Fatten your wallet using proven 3-point strategy

By John F. Wasik
Bloomberg News Service

CHICAGO — It's time to think about the rest of your life again — well, at least the next year — and what you can do to avoid the mayhem that plagued your portfolio last year.

Although your year-end statement will be in your mailbox soon — and maybe you still haven't opened your statements from last year, either — there's much you can do to improve your situation.

First, forget about market forecasts for the coming year.
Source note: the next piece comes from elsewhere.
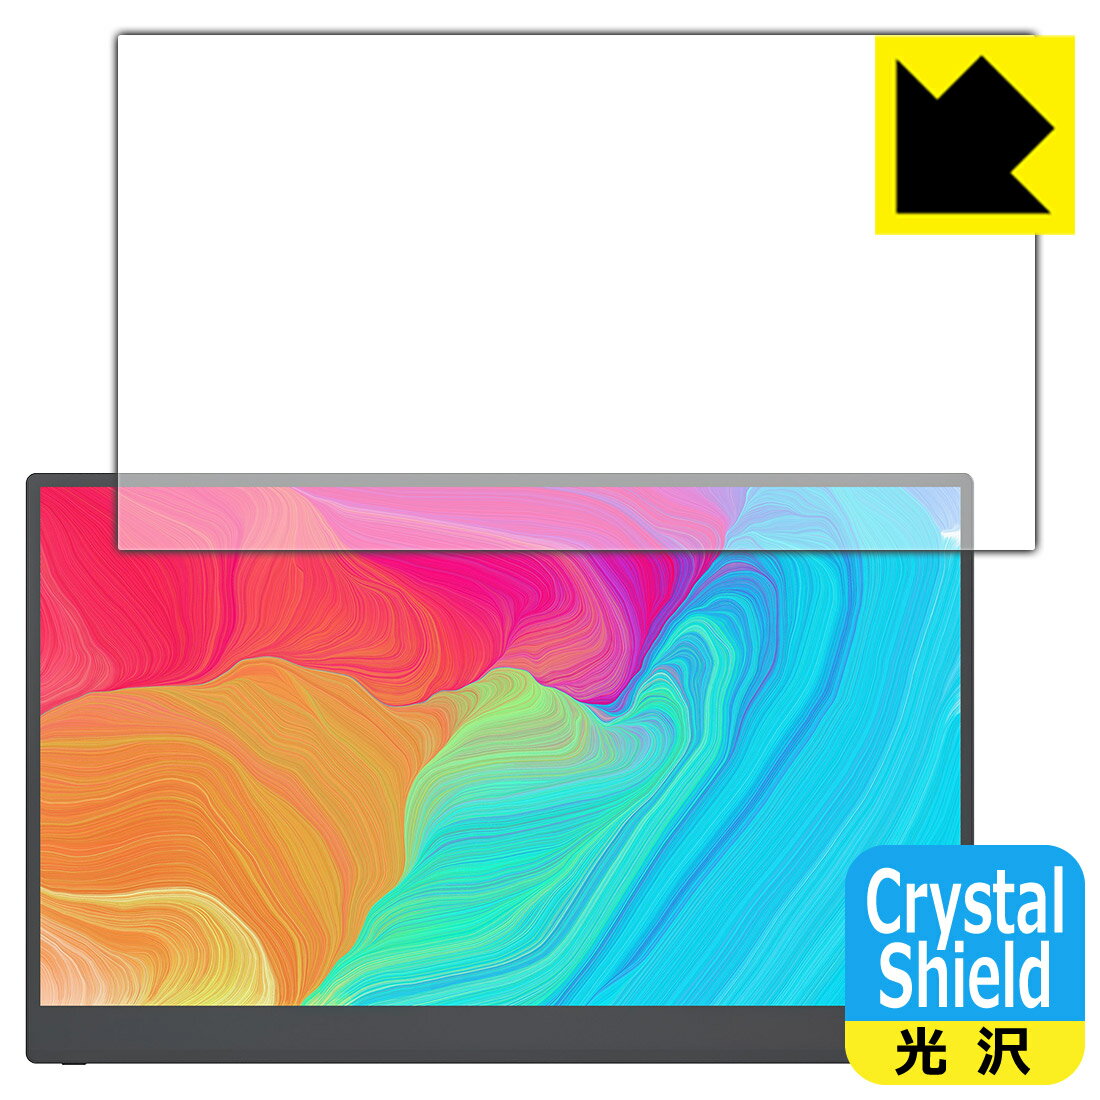 Crystal Shield【光沢】保護フィルム kksmart 15.6インチ モバイルモニター C-1 / CT-1 日本製 自社製造直販

This year's "to do" list is pretty simple: Save more, diversify and keep expenses down.

This tripod strategy works in ways that Wall Street and Washington are loath to admit.

In a low-return environment, saving and expense reduction will work much better than chasing turn-around stocks or betting on bonds.

This financial tune-up plan works every year, although far too many people pay attention to the blabbing on some financial TV networks than this proven wealth creation strategy.

What diversification means in practice:

• Your core holding should be a Wilshire 5000 mutual fund or similar exchange-traded fund. This stock-index fund represents more than 6,000 listed U.S. Stocks.

• To secure your wealth — crucial for those within 10 years of retirement — buy U.S. Treasury Inflation-Protected Securities or TIPS. They are sold though brokers or directly by the Treasury at www.treasurydirect.gov. These guaranteed securities lock in principal and track inflation.

• For your liquid, rainy day money, combine a money-market fund with insured certificates of deposit. Check www.imoneynet.com and www.banxquote.com for the highest rates.

Keep expenses down. The lower your investment expenses, the more money you keep. That applies to everything from your 401(k) to your Roth IRA.

Here's a rule of thumb: The least-expensive stock-index or exchange-traded fund expenses range from 0.09 percent to 0.25 percent per year to manage your money.

So if you are paying 1 percent or more a year, you're grossly overpaying your investment managers, and your returns will suffer accordingly.

Ask your company retirement plan administrator what your plan is paying in expenses. Remember, the employer isn't paying for them. You are.

It's a new year. Why not resolve to take an active role in to improve your retirement plan? Don't want to go it alone? Form a 401(k) club together within your department to talk about savings, expenses, returns and diversification over lunch today. It will make for a profitable conversation.